Nextflow is a reactive workflow framework built on the dataflow programming
model. In its current DSL2 syntax, pipelines are composed of modular processes
connected through channels. Each process runs in its own isolated environment,
with built-in support for Docker, Singularity, Conda, and cloud executors (AWS
Batch, Google Life Sciences, Azure Batch). Nextflow handles job scheduling,
fault tolerance with automatic retries, and seamless resumption of incomplete
runs via its caching mechanism.
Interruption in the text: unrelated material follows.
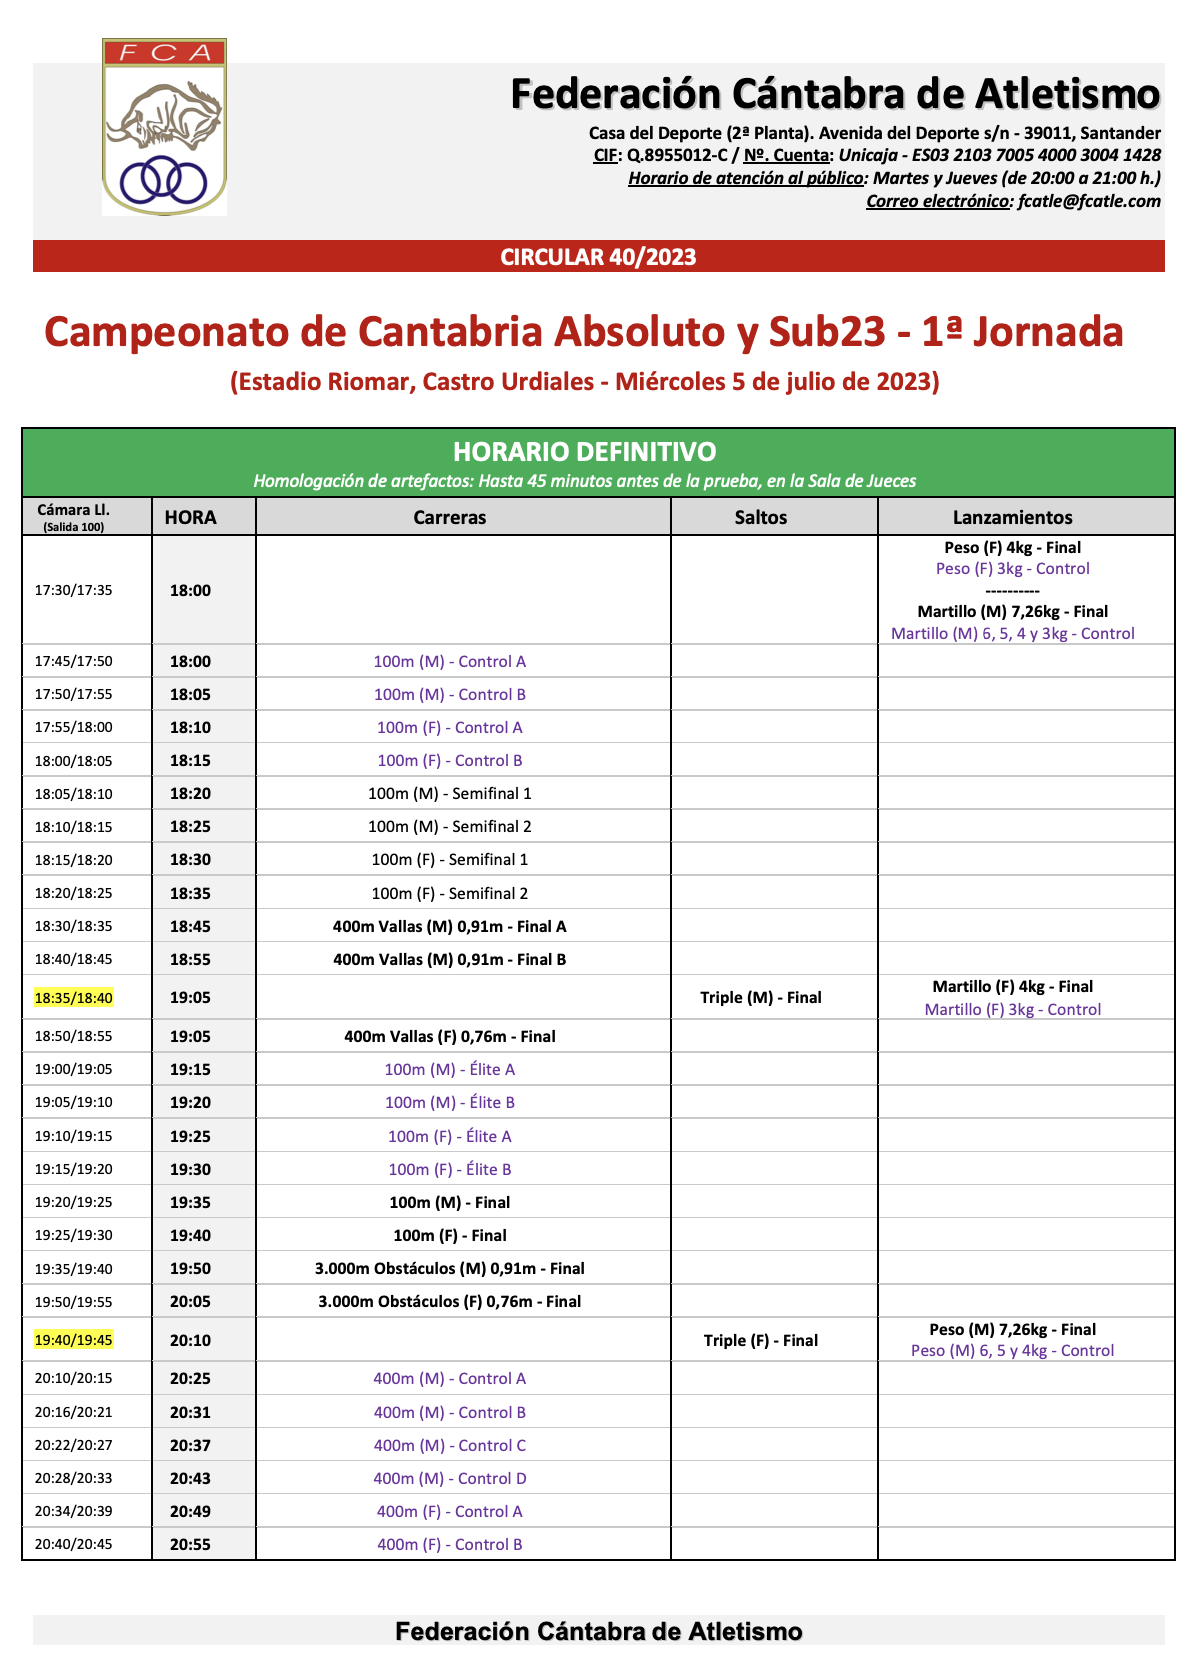 Campeonato de Cantabria Absoluto y Sub23 - 1ª Jornada @ Castro Urdiales, Cantabria

The nf-core community maintains a large
collection of peer-reviewed, production-ready pipelines for common
bioinformatics analyses.

Pipeline Steps
--------------

A typical Nextflow QC pipeline follows these steps:

1. Create a channel of paired-end read files using ``fromFilePairs``.
2. Run FastQC on each sample to generate quality reports.
3. Trim adapters and low-quality bases with fastp.
4. Collect all QC outputs and aggregate them into a MultiQC report.

QC Pipeline
-----------

The pipeline below implements the complete quality-control workflow in Nextflow
DSL2. It reads paired FASTQ files from a glob pattern, runs FastQC and fastp in
parallel per sample, then aggregates all reports with MultiQC.

.. code-block:: groovy

   #!/usr/bin/env nextflow
   nextflow.enable.dsl = 2

   params.reads    = "data/*_{R1,R2}.fastq.gz"
   params.outdir   = "results"
   params.min_qual = 20
   params.min_len  = 50

   process FASTQC {
       tag "${sample_id}"
       publishDir "${params.outdir}/fastqc", mode: 'copy'
       conda 'bioconda::fastqc=0.12.1'
       cpus 2

       input:
       tuple val(sample_id), path(reads)

       output:
       path("*.html"), emit: html
       path("*.zip"),  emit: zip

       script:
       """
       fastqc -t ${task.cpus} ${reads}
       """
   }

   process FASTP {
       tag "${sample_id}"
       publishDir "${params.outdir}/fastp", mode: 'copy'
       conda 'bioconda::fastp=0.23.4'
       cpus 4

       input:
       tuple val(sample_id), path(reads)

       output:
       tuple val(sample_id), path("*_trimmed.fastq.gz"), emit: trimmed
       path("*.html"), emit: html
       path("*.json"), emit: json

       script:
       def (r1, r2) = reads
       """
       fastp -i ${r1} -I ${r2} \
         -o ${sample_id}_R1_trimmed.fastq.gz \
         -O ${sample_id}_R2_trimmed.fastq.gz \
         -h ${sample_id}_fastp.html \
         -j ${sample_id}_fastp.json \
         --qualified_quality_phred ${params.min_qual} \
         --length_required ${params.min_len} \
         --detect_adapter_for_pe \
         --thread ${task.cpus}
       """
   }

   process MULTIQC {
       publishDir "${params.outdir}/multiqc", mode: 'copy'
       conda 'bioconda::multiqc=1.21'

       input:
       path('*')

       output:
       path("multiqc_report.html")

       script:
       """
       multiqc . -o . --force
       """
   }

   workflow {
       read_pairs_ch = Channel
           .fromFilePairs(params.reads, checkIfExists: true)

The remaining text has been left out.